*** LISTED RECORDS ***

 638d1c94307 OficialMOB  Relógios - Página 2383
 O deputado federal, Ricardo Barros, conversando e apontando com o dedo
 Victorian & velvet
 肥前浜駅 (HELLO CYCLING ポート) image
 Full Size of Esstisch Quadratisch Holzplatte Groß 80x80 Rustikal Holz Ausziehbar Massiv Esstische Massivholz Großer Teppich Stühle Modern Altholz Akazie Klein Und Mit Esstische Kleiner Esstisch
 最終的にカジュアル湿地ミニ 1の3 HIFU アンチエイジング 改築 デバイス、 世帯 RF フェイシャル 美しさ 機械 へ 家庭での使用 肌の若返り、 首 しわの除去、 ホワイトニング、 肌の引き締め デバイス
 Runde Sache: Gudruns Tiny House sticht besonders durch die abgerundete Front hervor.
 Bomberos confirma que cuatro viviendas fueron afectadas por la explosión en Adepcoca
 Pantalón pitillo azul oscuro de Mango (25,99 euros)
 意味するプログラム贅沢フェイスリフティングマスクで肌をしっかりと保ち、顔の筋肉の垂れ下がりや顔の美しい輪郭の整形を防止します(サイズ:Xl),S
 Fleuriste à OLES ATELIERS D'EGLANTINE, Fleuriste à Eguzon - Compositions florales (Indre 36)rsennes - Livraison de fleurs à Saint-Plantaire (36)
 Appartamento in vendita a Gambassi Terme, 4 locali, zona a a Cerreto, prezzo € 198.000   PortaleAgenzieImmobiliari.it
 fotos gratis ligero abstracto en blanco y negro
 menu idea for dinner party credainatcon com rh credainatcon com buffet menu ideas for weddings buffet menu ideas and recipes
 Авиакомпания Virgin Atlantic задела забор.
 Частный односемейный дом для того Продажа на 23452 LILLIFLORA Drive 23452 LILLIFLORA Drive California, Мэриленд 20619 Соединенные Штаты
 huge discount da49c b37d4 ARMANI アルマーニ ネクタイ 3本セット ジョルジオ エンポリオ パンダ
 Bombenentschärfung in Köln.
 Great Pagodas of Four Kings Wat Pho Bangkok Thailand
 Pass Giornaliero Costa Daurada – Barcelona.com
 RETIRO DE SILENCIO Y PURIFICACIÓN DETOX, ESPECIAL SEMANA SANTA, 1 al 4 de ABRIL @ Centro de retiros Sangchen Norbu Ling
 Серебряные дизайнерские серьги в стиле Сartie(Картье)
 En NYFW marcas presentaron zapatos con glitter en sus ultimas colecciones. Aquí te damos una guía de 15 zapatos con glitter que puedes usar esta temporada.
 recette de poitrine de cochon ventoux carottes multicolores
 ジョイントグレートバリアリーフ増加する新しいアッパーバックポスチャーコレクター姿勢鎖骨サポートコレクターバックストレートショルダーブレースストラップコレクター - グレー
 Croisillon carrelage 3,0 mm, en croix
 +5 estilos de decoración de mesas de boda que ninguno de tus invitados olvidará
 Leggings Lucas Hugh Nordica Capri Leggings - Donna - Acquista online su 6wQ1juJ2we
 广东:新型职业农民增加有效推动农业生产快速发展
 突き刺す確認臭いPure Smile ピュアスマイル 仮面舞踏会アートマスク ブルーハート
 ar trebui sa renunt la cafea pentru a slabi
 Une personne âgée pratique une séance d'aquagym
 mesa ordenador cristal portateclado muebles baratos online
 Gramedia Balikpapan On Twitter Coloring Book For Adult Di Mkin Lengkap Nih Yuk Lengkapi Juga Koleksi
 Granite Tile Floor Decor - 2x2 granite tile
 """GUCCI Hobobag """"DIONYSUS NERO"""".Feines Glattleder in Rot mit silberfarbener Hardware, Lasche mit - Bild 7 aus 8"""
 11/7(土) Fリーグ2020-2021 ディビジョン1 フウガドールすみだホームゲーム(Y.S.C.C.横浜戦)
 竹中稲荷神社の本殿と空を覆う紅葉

*** End of LISTED RECORDS ***

#### WHAT TO WORK ON
Keep every word intact and transcribe the records in full.

#### ANSWER FOR THE TASK
 638d1c94307 OficialMOB  Relógios - Página 2383
 O deputado federal, Ricardo Barros, conversando e apontando com o dedo
 Victorian & velvet
 肥前浜駅 (HELLO CYCLING ポート) image
 Full Size of Esstisch Quadratisch Holzplatte Groß 80x80 Rustikal Holz Ausziehbar Massiv Esstische Massivholz Großer Teppich Stühle Modern Altholz Akazie Klein Und Mit Esstische Kleiner Esstisch
 最終的にカジュアル湿地ミニ 1の3 HIFU アンチエイジング 改築 デバイス、 世帯 RF フェイシャル 美しさ 機械 へ 家庭での使用 肌の若返り、 首 しわの除去、 ホワイトニング、 肌の引き締め デバイス
 Runde Sache: Gudruns Tiny House sticht besonders durch die abgerundete Front hervor.
 Bomberos confirma que cuatro viviendas fueron afectadas por la explosión en Adepcoca
 Pantalón pitillo azul oscuro de Mango (25,99 euros)
 意味するプログラム贅沢フェイスリフティングマスクで肌をしっかりと保ち、顔の筋肉の垂れ下がりや顔の美しい輪郭の整形を防止します(サイズ:Xl),S
 Fleuriste à OLES ATELIERS D'EGLANTINE, Fleuriste à Eguzon - Compositions florales (Indre 36)rsennes - Livraison de fleurs à Saint-Plantaire (36)
 Appartamento in vendita a Gambassi Terme, 4 locali, zona a a Cerreto, prezzo € 198.000   PortaleAgenzieImmobiliari.it
 fotos gratis ligero abstracto en blanco y negro
 menu idea for dinner party credainatcon com rh credainatcon com buffet menu ideas for weddings buffet menu ideas and recipes
 Авиакомпания Virgin Atlantic задела забор.
 Частный односемейный дом для того Продажа на 23452 LILLIFLORA Drive 23452 LILLIFLORA Drive California, Мэриленд 20619 Соединенные Штаты
 huge discount da49c b37d4 ARMANI アルマーニ ネクタイ 3本セット ジョルジオ エンポリオ パンダ
 Bombenentschärfung in Köln.
 Great Pagodas of Four Kings Wat Pho Bangkok Thailand
 Pass Giornaliero Costa Daurada – Barcelona.com
 RETIRO DE SILENCIO Y PURIFICACIÓN DETOX, ESPECIAL SEMANA SANTA, 1 al 4 de ABRIL @ Centro de retiros Sangchen Norbu Ling
 Серебряные дизайнерские серьги в стиле Сartie(Картье)
 En NYFW marcas presentaron zapatos con glitter en sus ultimas colecciones. Aquí te damos una guía de 15 zapatos con glitter que puedes usar esta temporada.
 recette de poitrine de cochon ventoux carottes multicolores
 ジョイントグレートバリアリーフ増加する新しいアッパーバックポスチャーコレクター姿勢鎖骨サポートコレクターバックストレートショルダーブレースストラップコレクター - グレー
 Croisillon carrelage 3,0 mm, en croix
 +5 estilos de decoración de mesas de boda que ninguno de tus invitados olvidará
 Leggings Lucas Hugh Nordica Capri Leggings - Donna - Acquista online su 6wQ1juJ2we
 广东:新型职业农民增加有效推动农业生产快速发展
 突き刺す確認臭いPure Smile ピュアスマイル 仮面舞踏会アートマスク ブルーハート
 ar trebui sa renunt la cafea pentru a slabi
 Une personne âgée pratique une séance d'aquagym
 mesa ordenador cristal portateclado muebles baratos online
 Gramedia Balikpapan On Twitter Coloring Book For Adult Di Mkin Lengkap Nih Yuk Lengkapi Juga Koleksi
 Granite Tile Floor Decor - 2x2 granite tile
 """GUCCI Hobobag """"DIONYSUS NERO"""".Feines Glattleder in Rot mit silberfarbener Hardware, Lasche mit - Bild 7 aus 8"""
 11/7(土) Fリーグ2020-2021 ディビジョン1 フウガドールすみだホームゲーム(Y.S.C.C.横浜戦)
 竹中稲荷神社の本殿と空を覆う紅葉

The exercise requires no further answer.